__Task__
Extract, exactly and without pictures, every line from the one that includes "Jans Tce street sign.jpg" through the final line of the material below.

__Stored data__
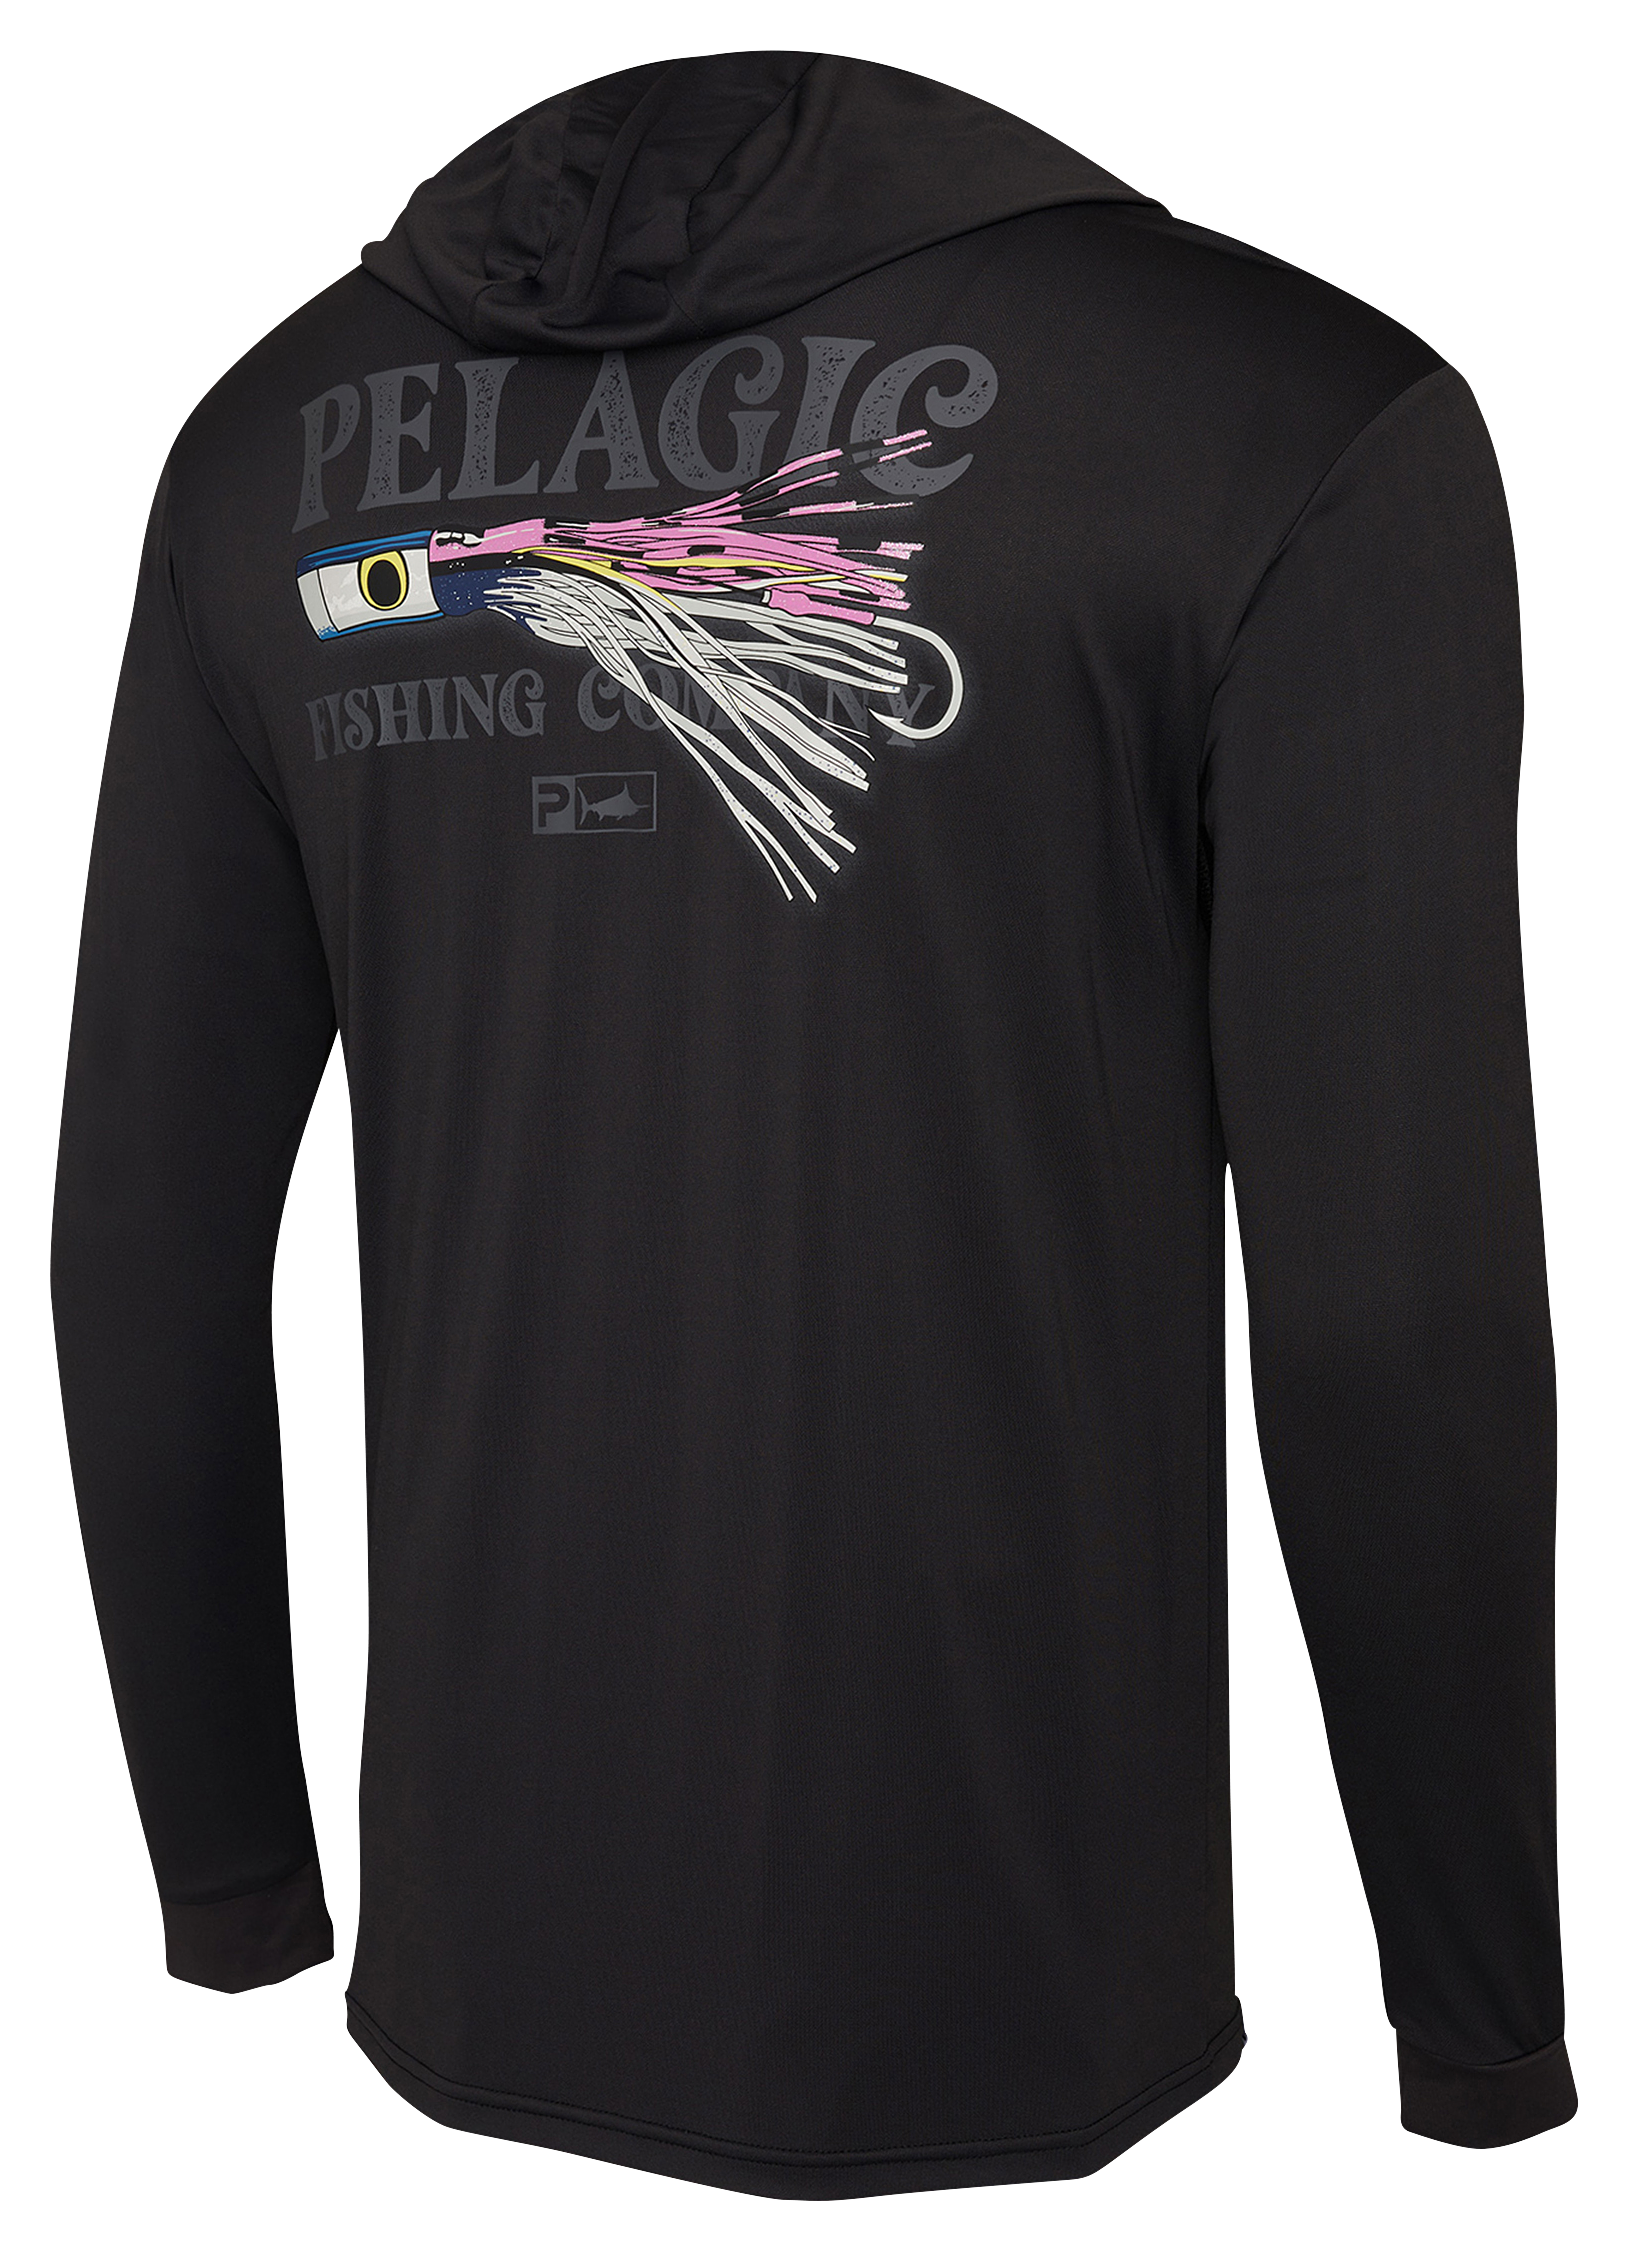 Pelagic Aquatek Lured Hooded Long-Sleeve Shirt for Men - Black/Lured - L
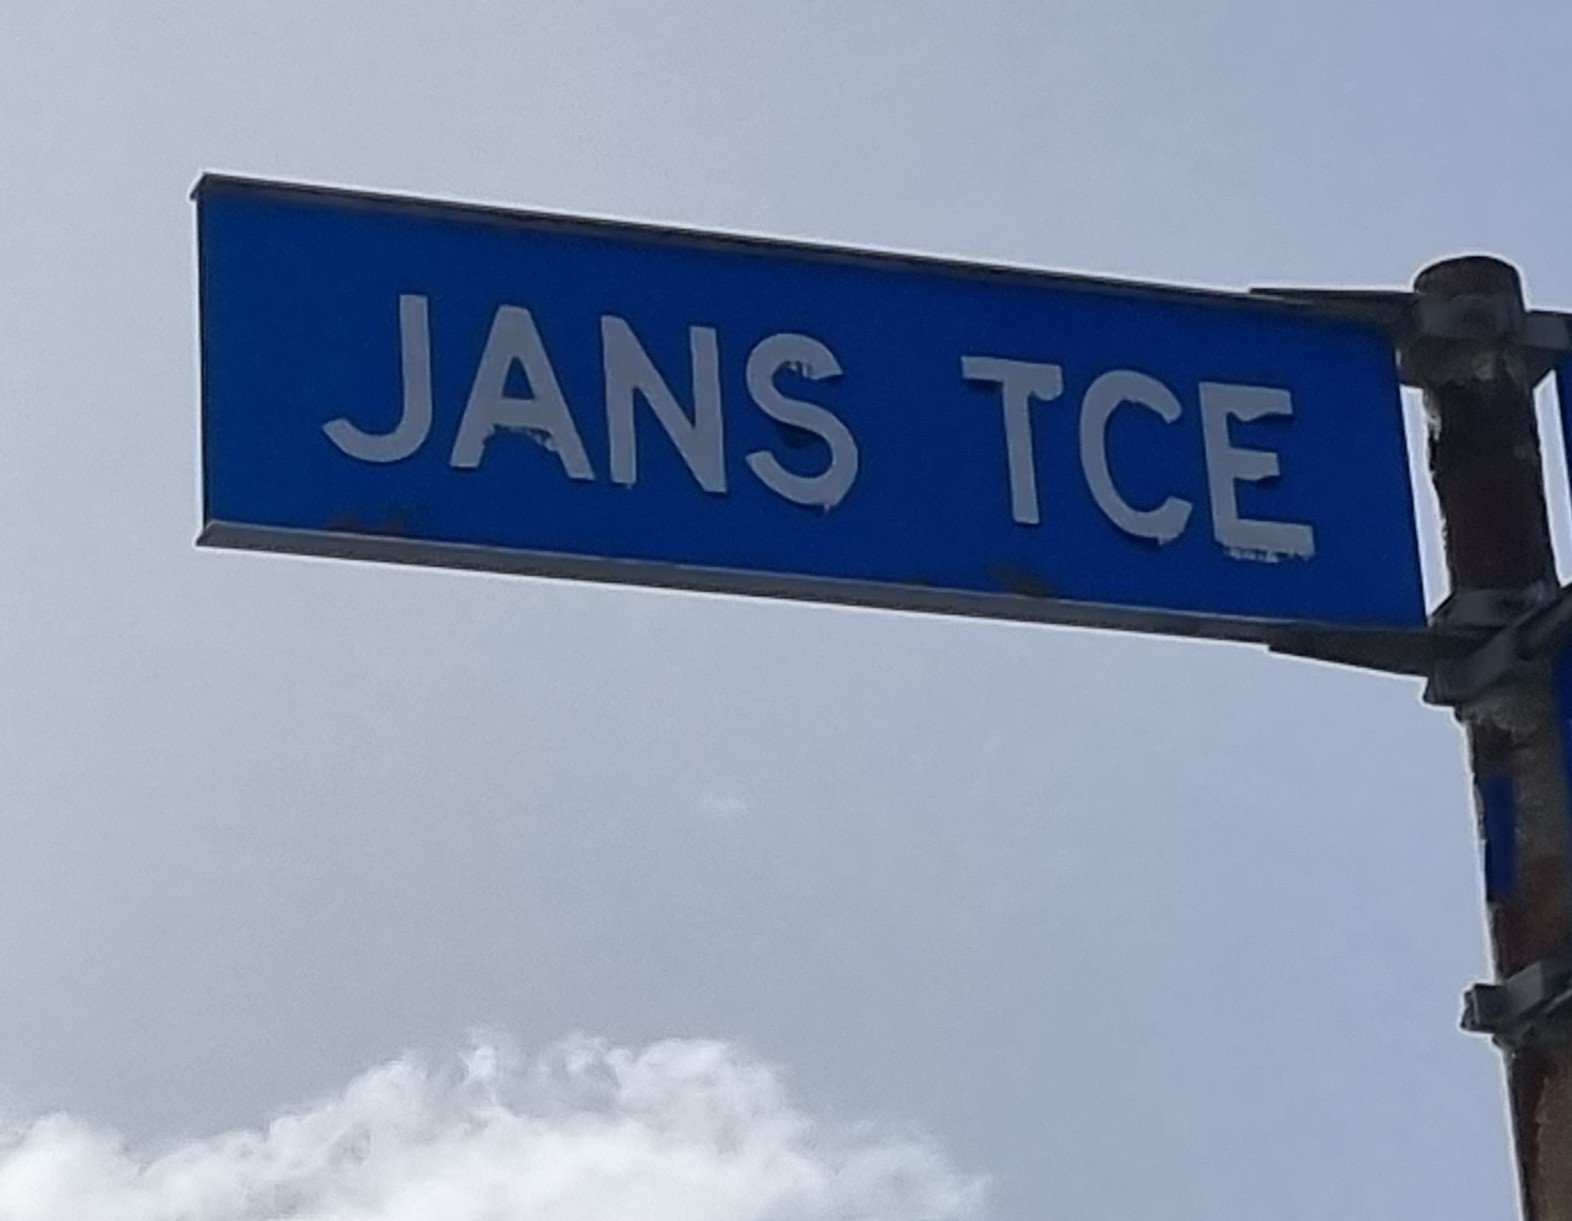 Jans Tce street sign.jpg
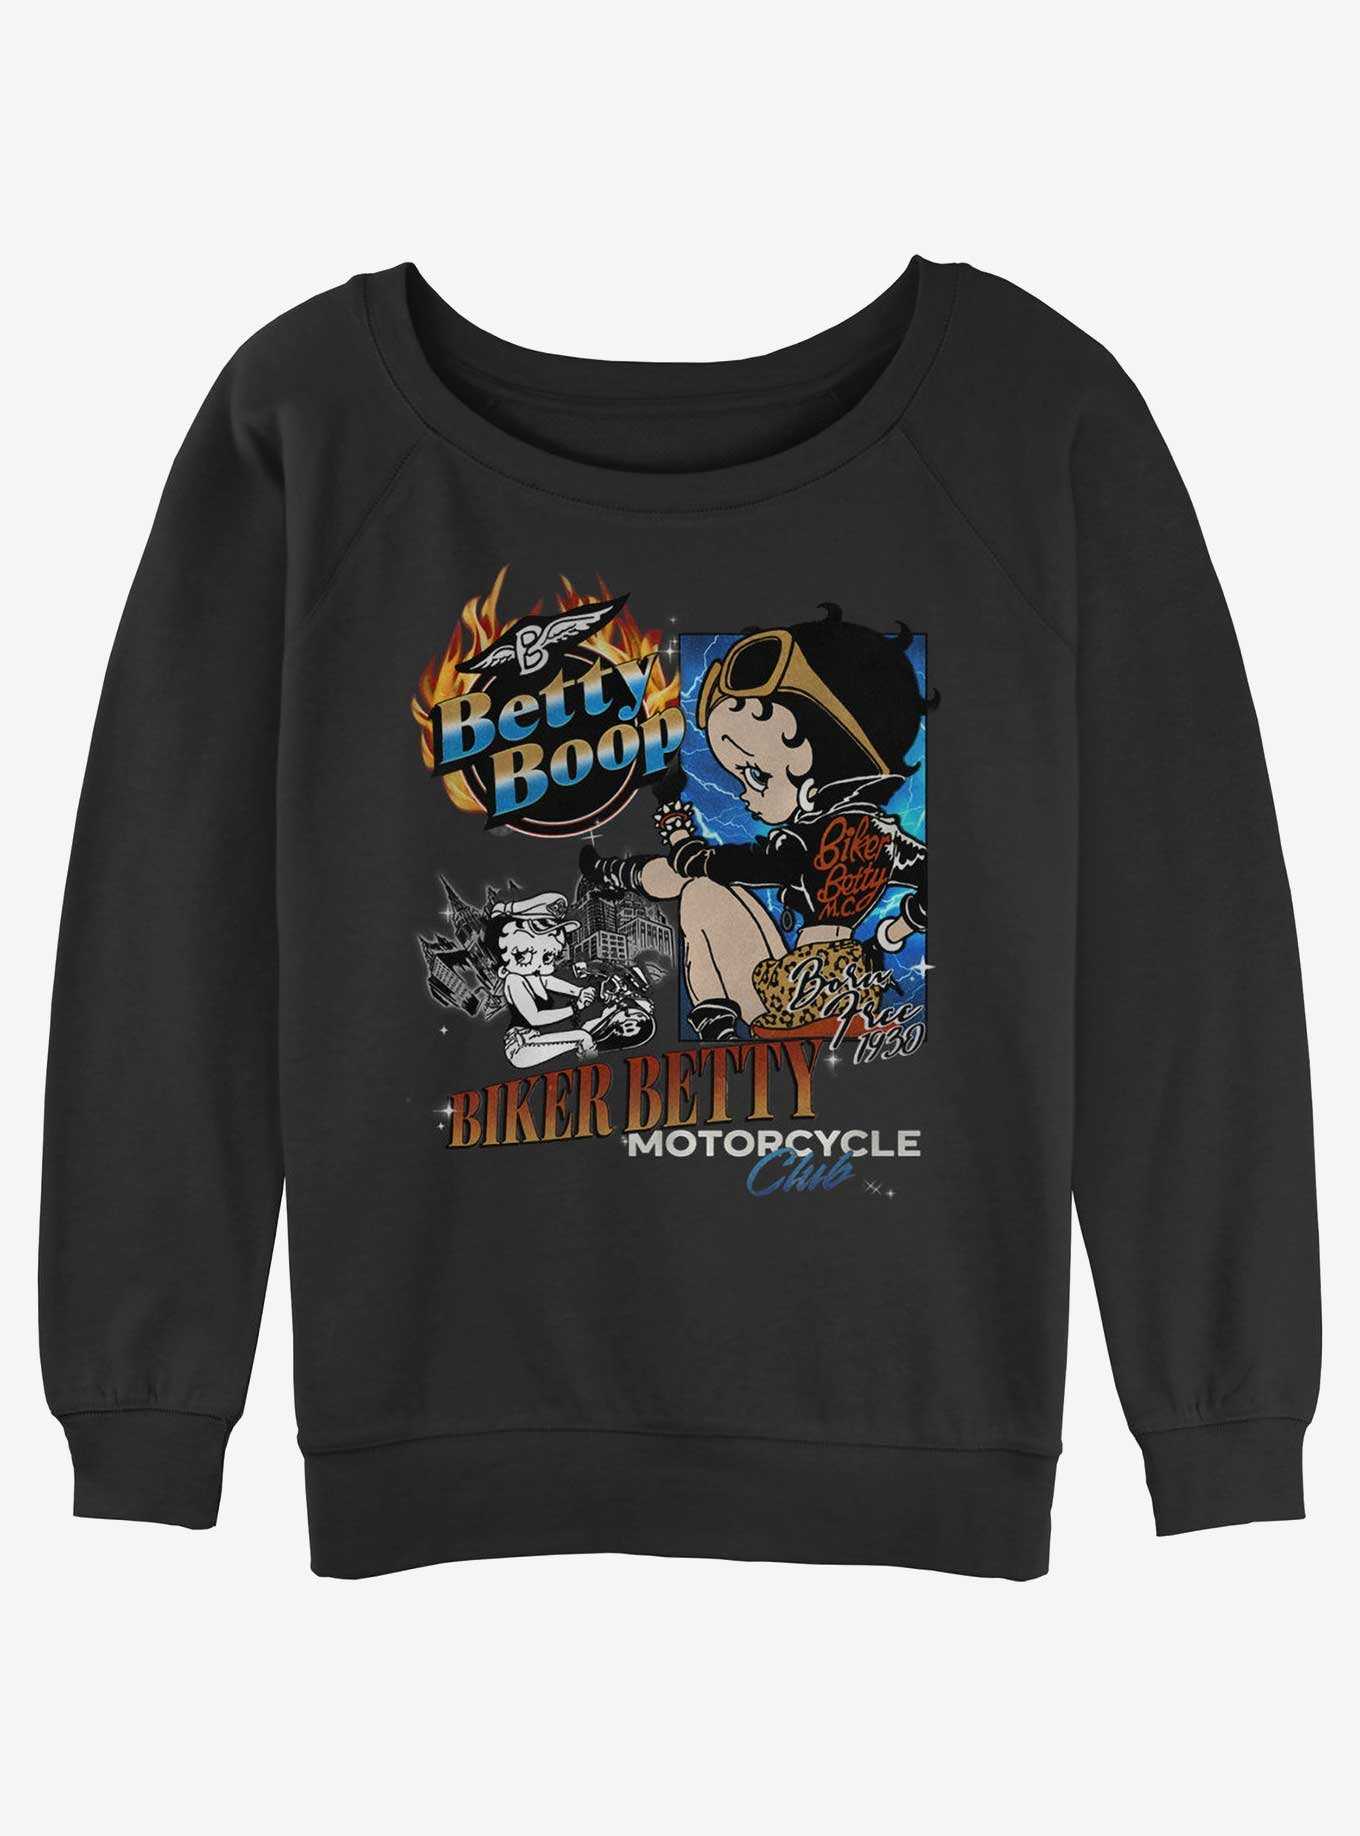 Betty Boop Biker Betty Womens Slouchy Sweatshirt, , hi-res

__Solution for this task__
 Jans Tce street sign.jpg
 Betty Boop Biker Betty Womens Slouchy Sweatshirt, , hi-res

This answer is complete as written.